Paraspirotropis simplicissima

Scientific classification
- Kingdom: Animalia
- Phylum: Mollusca
- Class: Gastropoda
- Subclass: Caenogastropoda
- Order: Neogastropoda
- Superfamily: Conoidea
- Family: Mangeliidae
- Genus: Paraspirotropis
- Species: P. simplicissima
- Binomial name: Paraspirotropis simplicissima (Dall, 1907)
- Synonyms: Pleurotomella simplicissima Dall, 1907

= Paraspirotropis simplicissima =

- Authority: (Dall, 1907)
- Synonyms: Pleurotomella simplicissima Dall, 1907

Species of gastropod

Paraspirotropis simplicissima is a species of sea snail, a marine gastropod mollusk in the family Mangeliidae.

==Description==
The length of the shell attains 28 mm, its diameter 9 mm.
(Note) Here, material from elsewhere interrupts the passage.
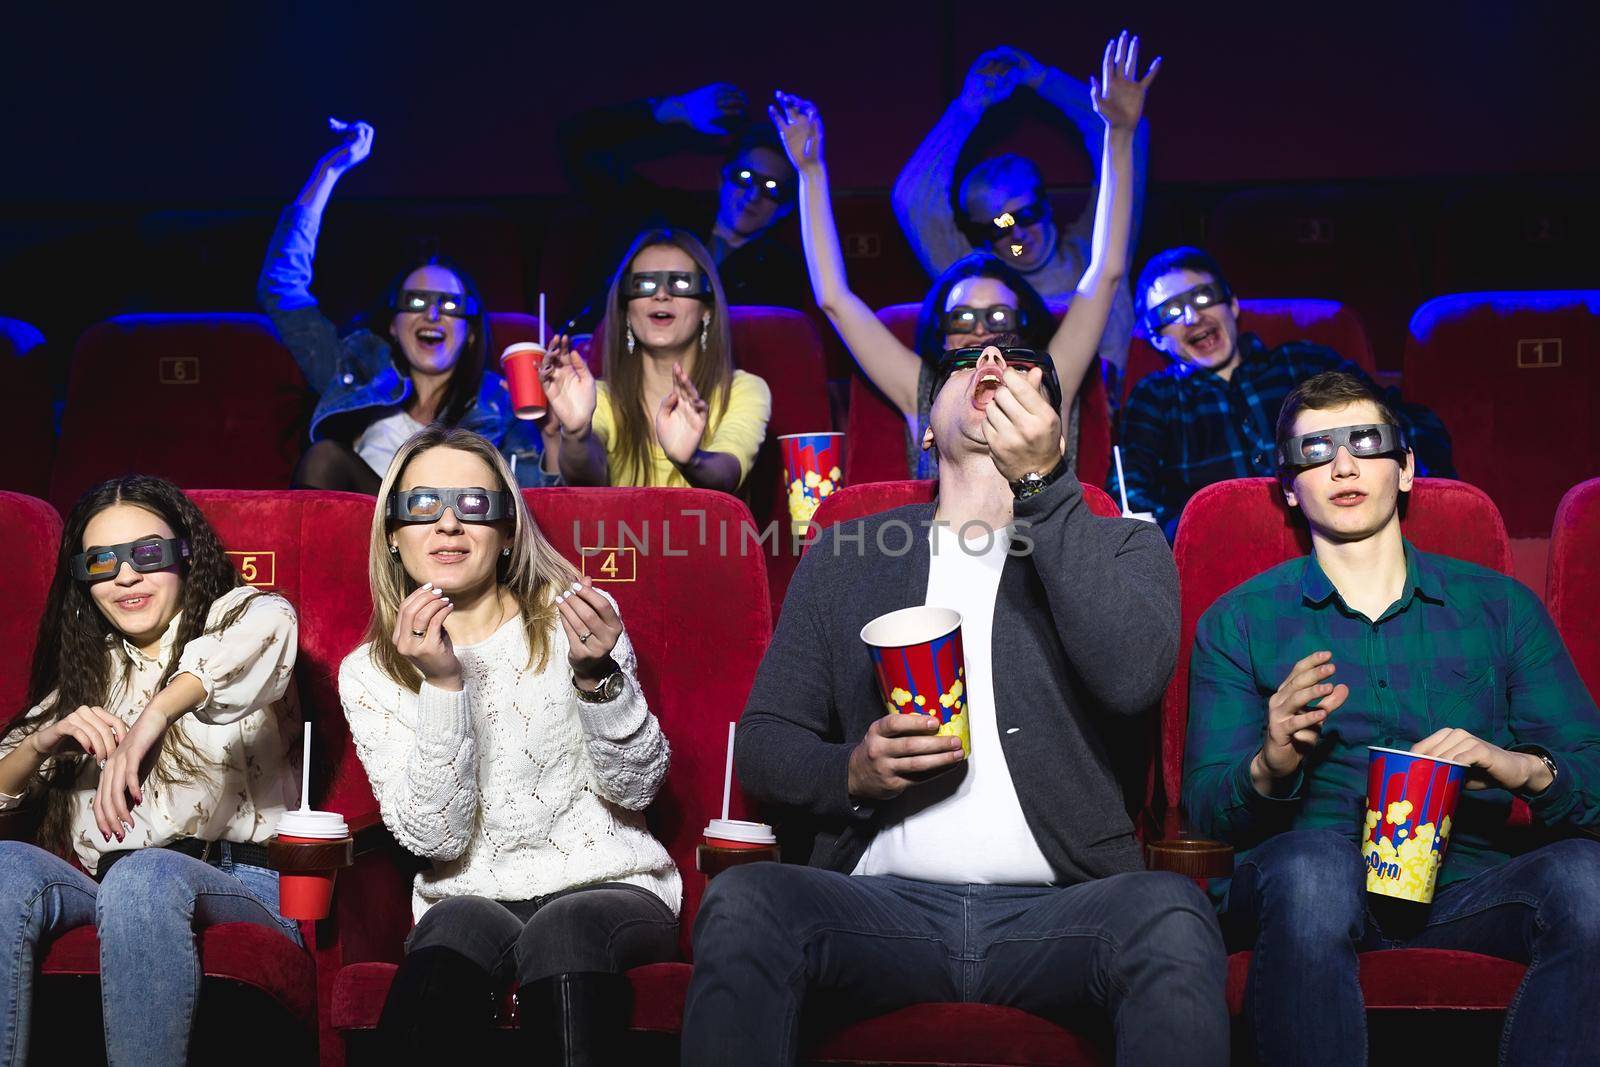 Friends in the cinema watch a funny movie with 3D glasses, laugh, have fun.

(Original description) The shell is small for the genus. It is smooth, polished, pale straw-color over a chalky substratum. The shell contains about six whorls. The protoconch is eroded, the subsequent whorls
are turriculate with an angular shoulder. The suture is distinct, not appressed. The whorl in front of it to the shoulder is flat, below the shoulder moderately rounded. The incremental lines are visible but feeble. Under a lens obsolete irregular spiral lines are perceptible, but to the naked eye the shell seems smooth. The aperture is narrow. The anal sulcus is wide and shallow, beginning at the suture and extending to the shoulder, after which the outer lip is roundly arcuate forward, receding later to the siphonal canal . The aperture is milk-white, a slight glaze on the body and columella. The columella is short, straight and obliquely truncate in front. The siphonal canal is short, wide, not recurved. The outer lip is thin and sharp.